Coronavirus likely came from animal, not a lab, WHO draft report finds
COVID-19 probably came to people through an animal, and likely started spreading no more than a month or two before it was noticed in December of 2019, a World Health Organization draft report finds.
The least likely source: a laboratory leak, the WHO’s joint international team concluded.
WHO is scheduled to release the final report on its investigation into the origins of coronavirus on Tuesday, but a draft version of the report obtained by CNN shows there’s still no smoking gun and no evidence suggesting the virus was spreading any earlier than the very end of 2019.
The report gives four possible sources for the virus and the most likely scenario is via an intermediate animal host, possibly a wild animal captured and then raised on a farm.
But the investigation has not found what other animal was infected by a bat — considered the most likely original source of the virus — and then may have transmitted it to a human. “The possible intermediate host of SARS-CoV-2 remains elusive,” it reads.
Next likely is direct transmission from one of the animals known to carry a similar coronavirus, such as a bat or a pangolin.

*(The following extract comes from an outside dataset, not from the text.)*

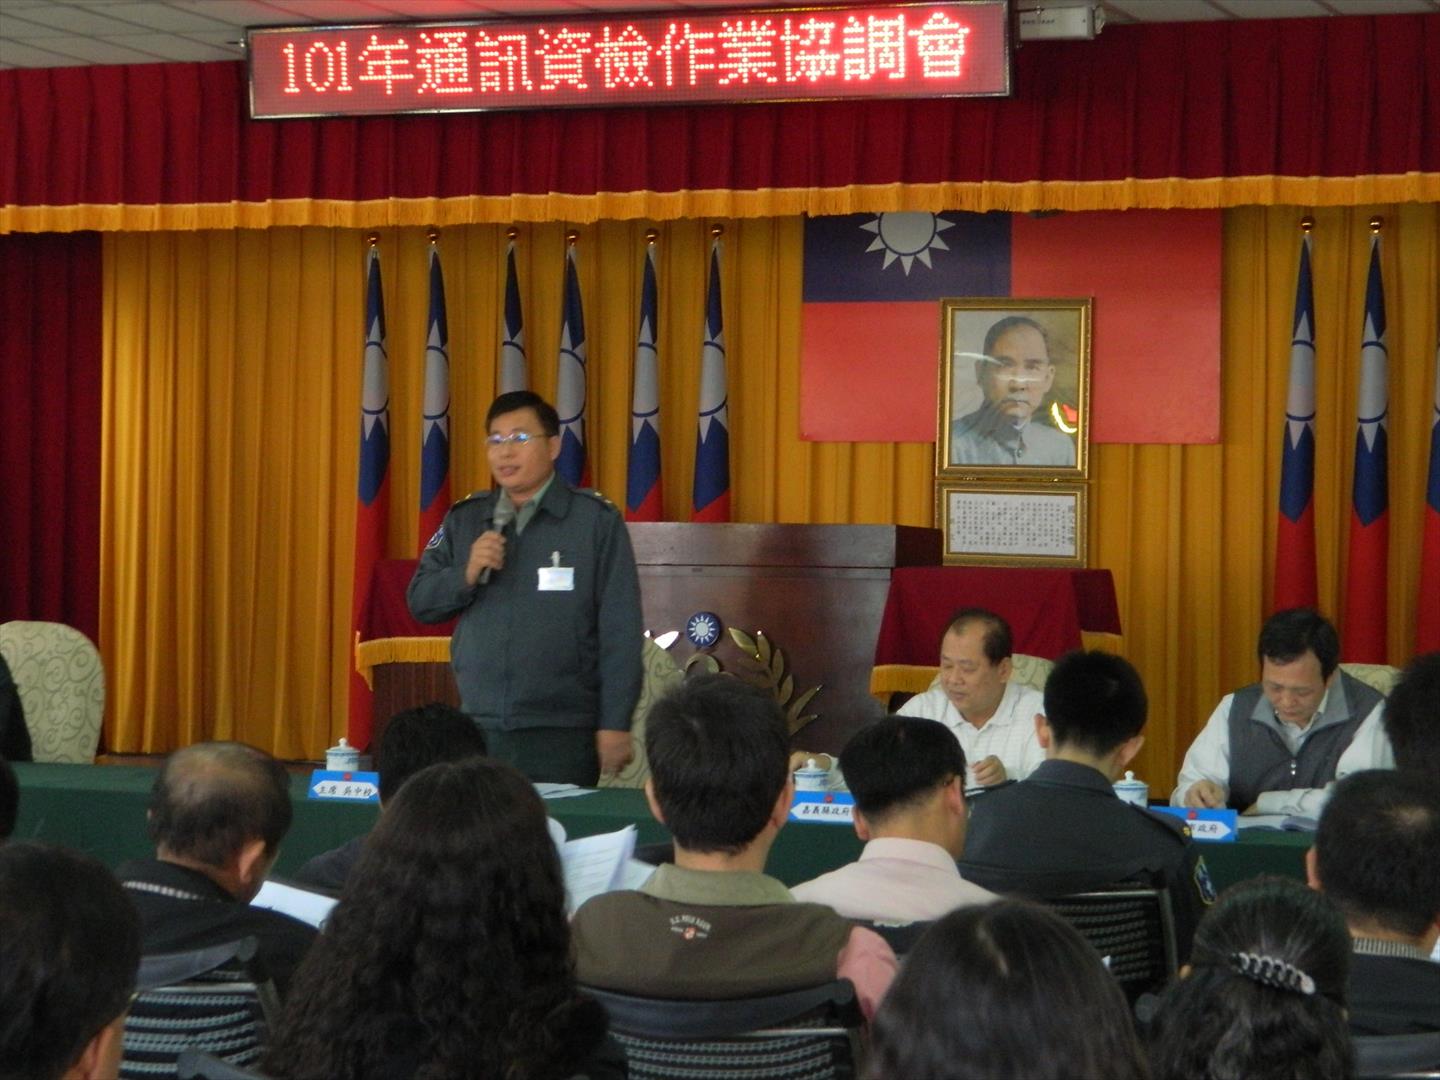 吳萬居先生（左） 擔任嘉義縣後備指揮部副指揮官主持會議照片。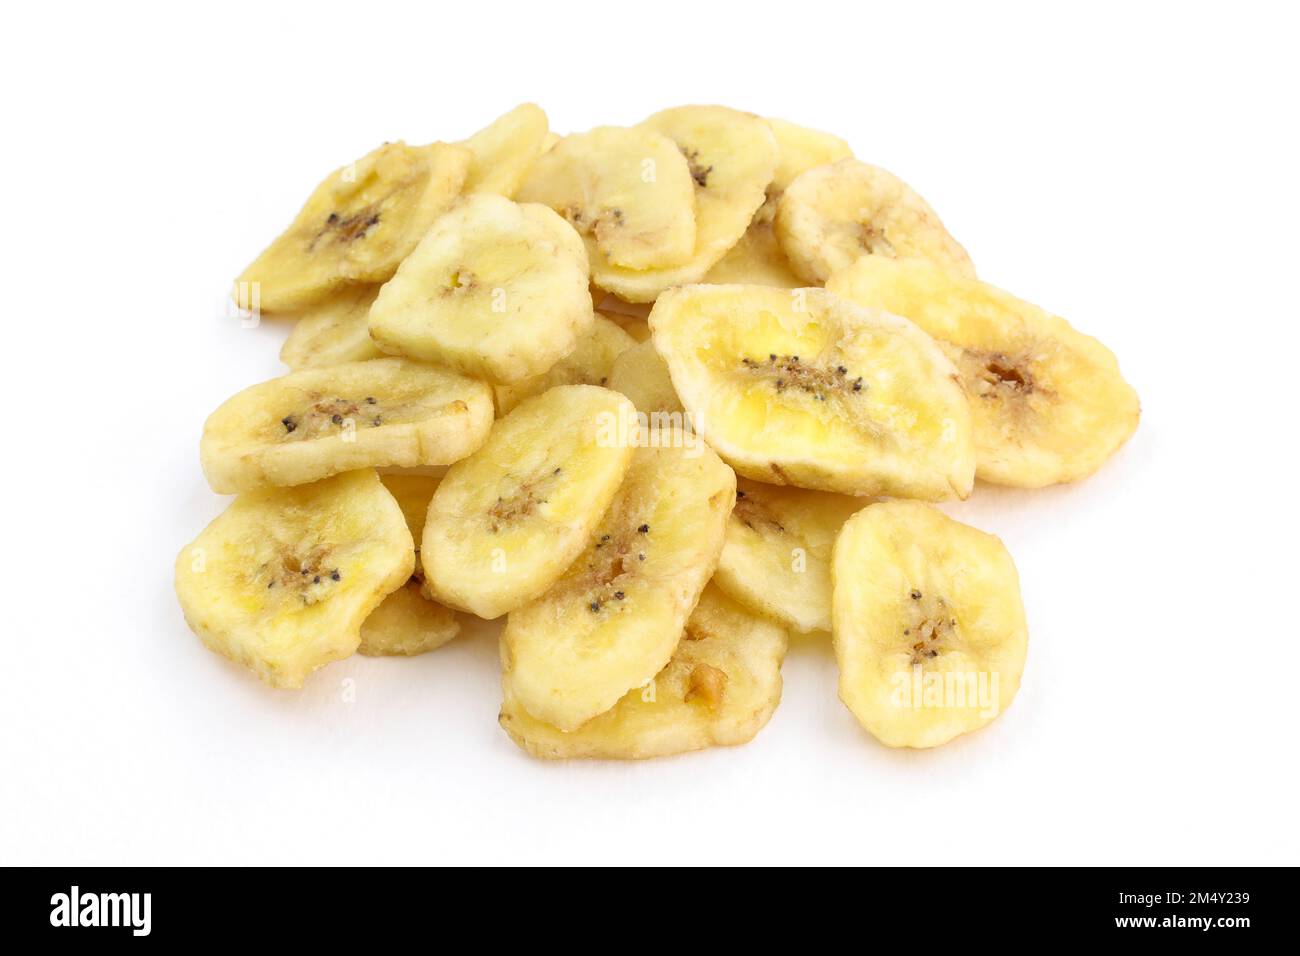 Mucchio di banane secche su fondo bianco. Snack dolci fette di banana secca. primo piano di patatine di banana essiccate organiche. Foto Stock

Possible but not probable is transmission from frozen or chilled food, and least likely is an accidental laboratory release, the report finds.
Former US Centers for Disease Control and Prevention Director Dr. Robert Redfield told CNN’s Dr. Sanjay Gupta that his personal opinion was the virus was released from a lab.
The report says this is “extremely unlikely.” “There is no record of viruses closely related to SARS-CoV-2 in any laboratory before December 2019, or genomes that in combination could provide a SARS-CoV-2 genome,” it reads. “In view of the above, a laboratory origin of the pandemic was considered to be extremely unlikely.”
Independent researchers have been saying this for months. Genomic testing of the virus indicates it was not engineered in a lab but passed naturally from animals — as did the SARS virus that infected 8,000 people globally in 2002-2004 before it was stopped.
Frozen food is also not a likely source, the report indicates. “There is no conclusive evidence for foodborne transmission of SARS-CoV-2 and the probability of a cold-chain contamination with the virus from a reservoir is very low,” it says.
The role of the Huanan seafood market in Wuhan is also unclear. It’s possible the market was not the original source of the outbreak, but that the crowds that gathered at the market — which was densely packed, with a roof and open sewers — may have amplified the spread of the virus.
Sampling at the market turned up the virus on surfaces but not in samples taken from animals or food sold at the market. Plus, there is evidence the virus was circulating before the Huanan market outbreak — including at other markets.
“Many of the early cases were associated with the Huanan market, but a similar number of cases were associated with other markets and some were not associated with any markets. Transmission within the wider community in December could account for cases not associated with the Huanan market which, together with the presence of early cases not associated with that market, could suggest that the Huanan market was not the original source of the outbreak,” the report added.
“No firm conclusion therefore about the role of the Huanan market in the origin of the outbreak, or how the infection was introduced into the market, can currently be drawn,” the report concludes.
The report recommends more testing of blood samples taken and stored before the first outbreak in December, more testing of animals from Southeast Asia, and more in-depth study of mass gatherings that could have aided the spread of the virus.
The report was written by a joint international team made up of 17 Chinese experts plus 17 experts from other countries, WHO, the Global Outbreak Alert and Response Network (GOARN) and the World Organization for Animal Health (OIE). The United Nations Food and Agriculture Organization of the United Nations (FAO) participated as an observer.
“Following initial online meetings, a joint study was conducted over a 28-day period from 14 January to 10 February 2021 in the city of Wuhan, People’s Republic of China,” the report reads.
The team looked for evidence the virus was circulating in China before anyone noticed.
“The epidemiology working group closely examined the possibilities of identifying earlier cases of COVID-19 through studies from surveillance of morbidity (illness) due to respiratory diseases in and around Wuhan in late 2019,” it read.
“It also drew on national sentinel surveillance data; laboratory confirmations of disease; reports of retail pharmacy purchases for antipyretics (fever reducers), cold and cough medications; a convenience subset of stored samples of more than 4,500 research project samples from the second half of 2019 stored at various hospitals in Wuhan, the rest of Hubei Province and other provinces. In none of these studies was there evidence of an impact of the causative agent of COVID-19 on morbidity in the months before the outbreak of COVID-19.”
The report suggests further checks into farms as a possible source of the virus.
“Although the closest related viruses have been found in bats, the evolutionary distance between these bat viruses and SARS-CoV-2 is estimated to be several decades, suggesting a missing link,” the report reads.
Animals such as mink and rabbits are susceptible to the virus, the report noted. Mink farms in several countries have been the cause of outbreaks of COVID-19.
“The increasing number of animals shown to be susceptible to SARS-CoV-2 includes animals that are farmed in sufficient densities to allow potential for enzootic circulation. High-density farming is common in many places across the world and includes many livestock species as well as farmed wildlife. There was a large network of domesticated wild animal farms, supplying farmed wildlife.”